Wentworth v. Macquoid [1841] NSWSupC 85

Sheriff's liability - fieri facias

Supreme Court of New South Wales

Stephen J., 12 August 1841

Source: Sydney Herald, 13 August 1841 [1]

SUPREME COURT - THURSDAY.

THIRD CIVIL TERM - SITTINGS AT NISI PRIUS.

            Before Mr. Justice STEPHEN and a Special Jury.

SINGULAR CASE.

GEORGE WENTWORTH V. THOMAS MACQUOID2]

            This was an action on the case against the sheriff: the first count was for a false return to a writ of fieri facias, issued by the plaintiff upon a judgment against two persons of the name of Smith and Salmon. The second count was for not levying under the writ in due time.

            There were four pleas; 1st, the general issue; 2d, that the defendant did not seize the goods of Smith and Salmon, or of either of them; 3d, that the goods seized were the goods of Hughes, Dawson, and Titterton; 4th, that there were no goods to cover the amount of the writ.

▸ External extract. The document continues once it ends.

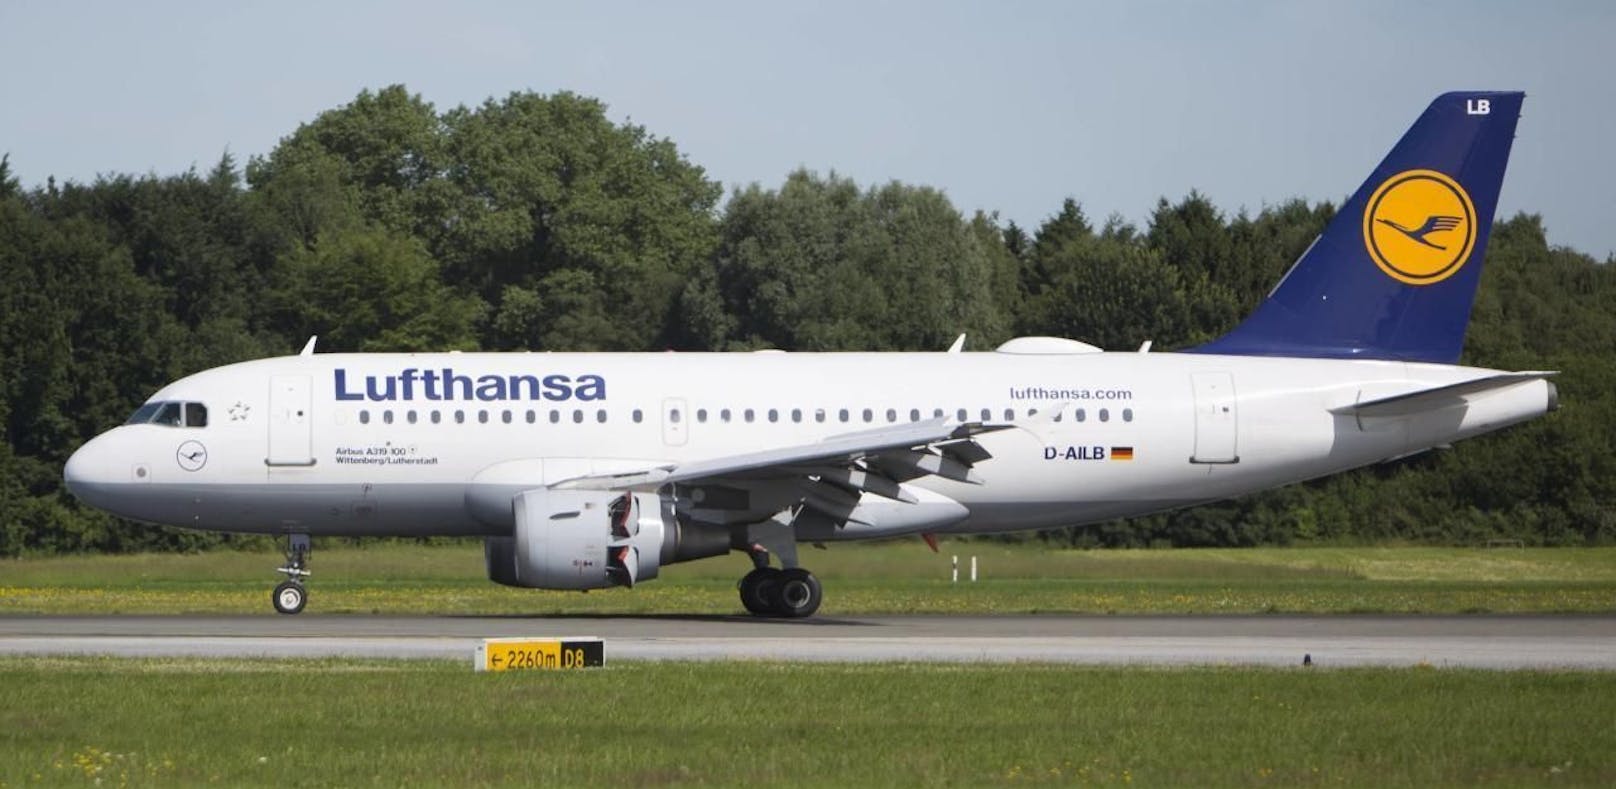 Die Lufthansa bestätigt den Vorfall und leitet eine Untersuchung ein.
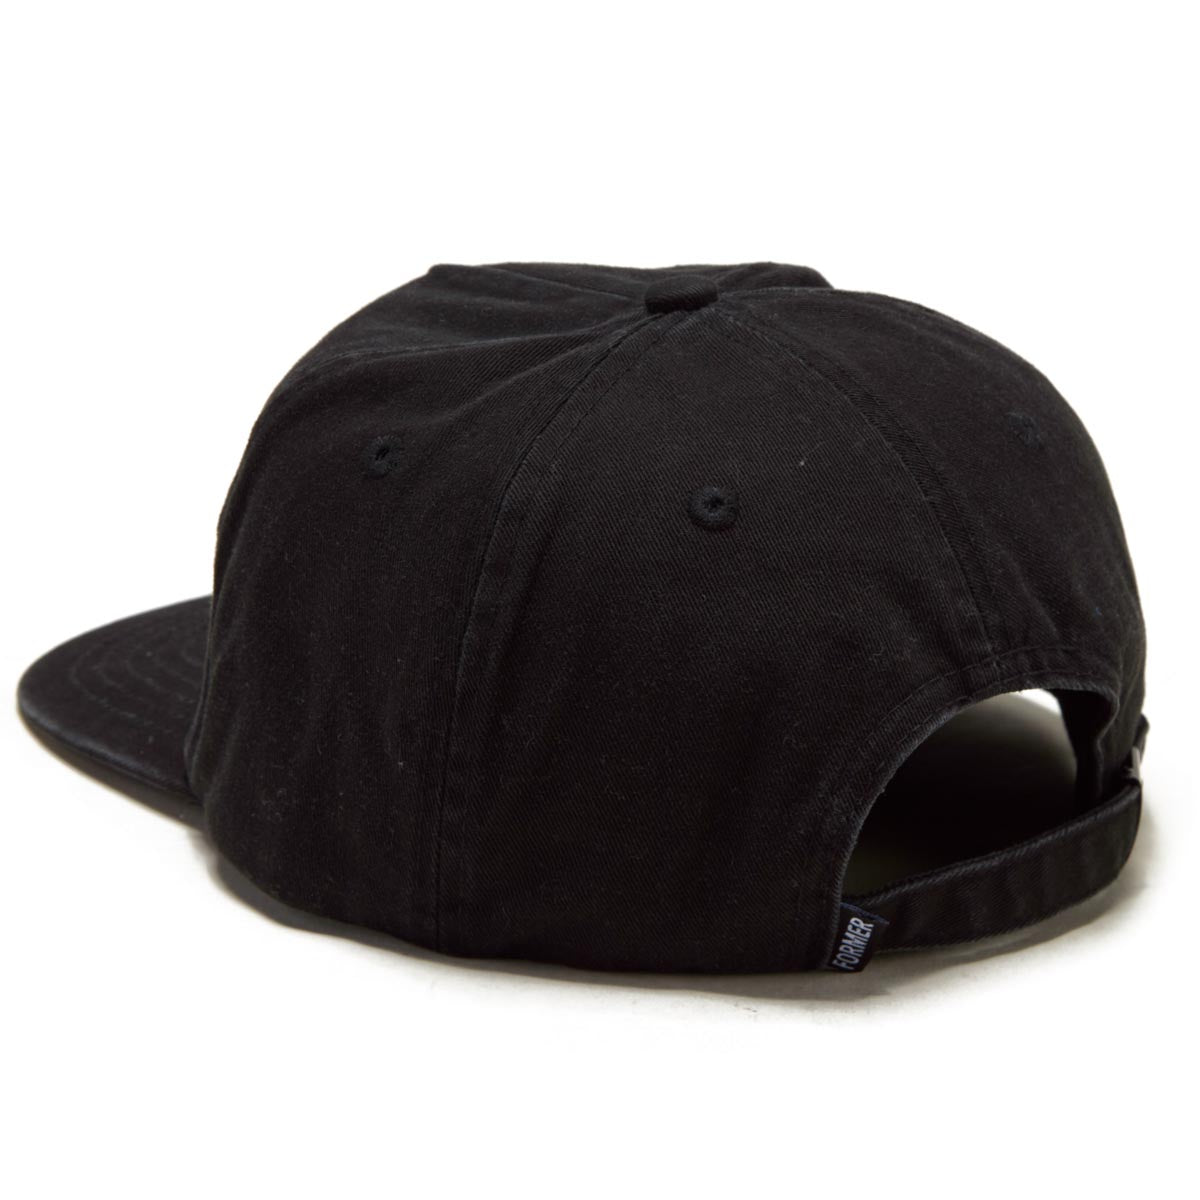 Former Heritage Hat - Black image 2

            Mr. DARVALL opened the pleadings.

            Mr. FOSTER stated the case for the plaintiff.

            The plaintiff proved the issuing of the writ on the 21st of April; the return ofnulla bona by the under-sheriff, in the name of the sheriff, and with his authority; the seizure of the goods as the property of Smith and Salmon upon the writ at the suit of the plaintiff; the sale of those goods by the authority of the sheriff, and the payment of the proceeds of the sale to the attorney of the sheriff. The plaintiff also proved the subsequent loss of the sheriff's warrant for the levy, and that it was for the amount of the seizure.

            The sale took place on the 5th and 6th of May, 1840, and £2,045, as the nettproceeds of the sale, was paid over to Messrs. Carr and Rogers on the 6th of August, by the authority of the defendant.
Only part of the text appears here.